Movida e Covid fra assembramenti e alcolici: la difficile ricerca di un equilibrio

Primo sabato di 'libertà regolata' in centro storico, fra vecchi e nuovi problemi

La situazione in Piazza dei Cavalieri alle 2 di mattina

La tanto discussa convivenza con il Coronavirus, con le misure di tutela volte alla sua prevenzione per meglio dire, entra nel vivo. Si può parlare ora davvero di 'fase 2': è iniziato il confronto con il consueto problema della gestione della movida. Quello appena trascorso è stato il primo sabato di operatività della nuova ordinanza del Comune di Pisa volta a regolare la vendita di alcolici e gli orari di apertura dei locali. Lo stop all'asporto alle 19 e la chiusura alle 24 hanno già ricevuto una prima bocciatura dalle associazioni di categoria

Lo scenario è nuovo, le caratteristiche del fenomeno quelle tradizionali. Come è andata quindi? Ad un primo impatto, girando per le vie del centro storico di Pisa, è sembrato vivere una normale serata pre-estiva, con un buon numero giovani e giovanissimi sui Lungarni e nelle piazze cittadine, in particolare dopo cena. La voglia di uscire è certamente tanta, come quella di ripartire per gli esercizi commerciali, seppure il recente passato ha registrato mesi di lockdown e 85 morti negli ospedali della provincia pisana.

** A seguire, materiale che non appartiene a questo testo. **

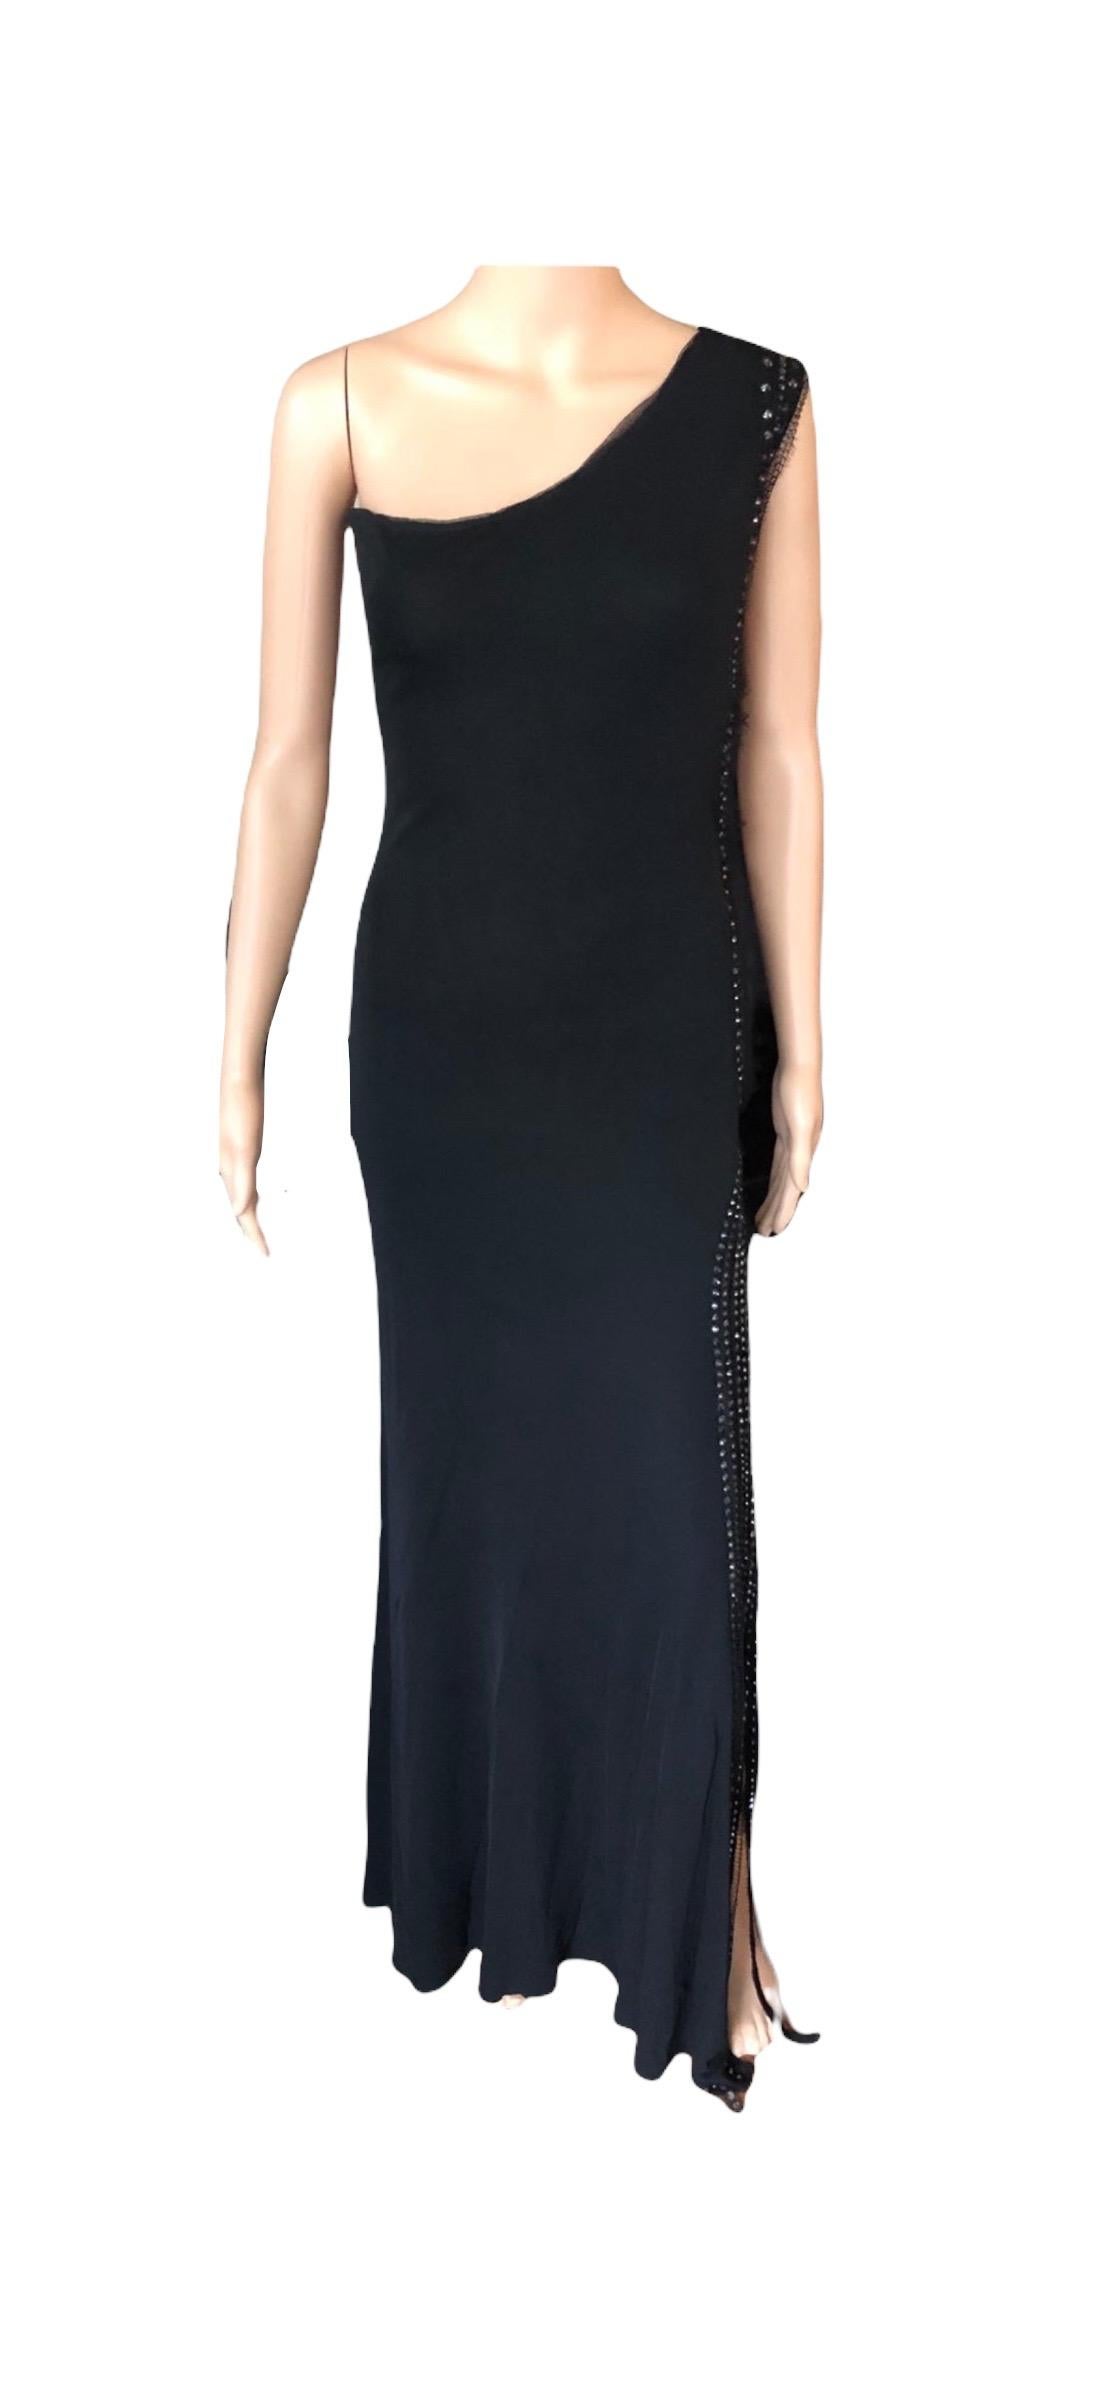 Jean Paul Gaultier Vintage Embellished One Shoulder Black Evening Dress Gown For Sale 3

Non sono mancati evidenti assembramenti, mascherine molto meno indossate. "Ho visto - racconta Matteo Anconetani, imprenditore con locali sul Lungarno Mediceo - ragazzi ubriachi, sfatti, tanti tutti insieme senza mascherine. Sono scoppiate risse tra lungarno e via Rigattieri. All'una c'erano attività ancora aperte che davano tranquillamente bere d'asporto. C'è un problema sicuramente culturale, di ignoranza, ma anche esercenti furbi che non rispettano le regole". "Io - prosegue Matteo - alle 24 ho fatto alzare i miei clienti in Piazza Cairoli, poi ti vedi passare i ragazzi con le birre da 66 per strada. Dopo mezzanotte non c'erano più forze dell'ordine. Cosa si fanno a fare le ordinanze se poi non si riesce a farle rispettare?".

"Il mio non è un attacco - sottolinea l'imprenditore - sono d'accordo con l'impostazione dell'ordinanza. Credo vada modificata, perché è un po' estrema: non è giusto 'punire' tutti perché non si riesce a risolvere la situazione. I locali aperti sono anche presidio di sicurezza e non vedo perché una persona non possa andare a prendersi un caffé al bar all'una... Servirebbe un coordinamento fra tutte le forze in campo, dal Comune alle forze dell'ordine, per riuscire a far rispettare le regole".

Gli imprenditori storici del gruppo Horeca scrivono su Facebook, mostrando Piazza dei Cavalieri con almeno un centinaio di ragazzi: "Ore una. Qui non ci sono Bar/Ristoranti/Pub. Vediamo solo assembramenti e bottiglie per terra. Secondo la recente ordinanza i bar sono già chiusi da un ora e hanno mandato a casa il personale dipendente. Il problema persiste. Per proprietà transitiva... Il problema sono quindi le aziende? Prima si prende consapevolezza di dove sia la fonte del problema e prima si salveranno centinaia di posti di lavoro, questo non è più un gioco". L'abusivismo resta quindi un problema centrale. La differenza poi, sull'aspetto sanitario, la fa il comportamento responsabile.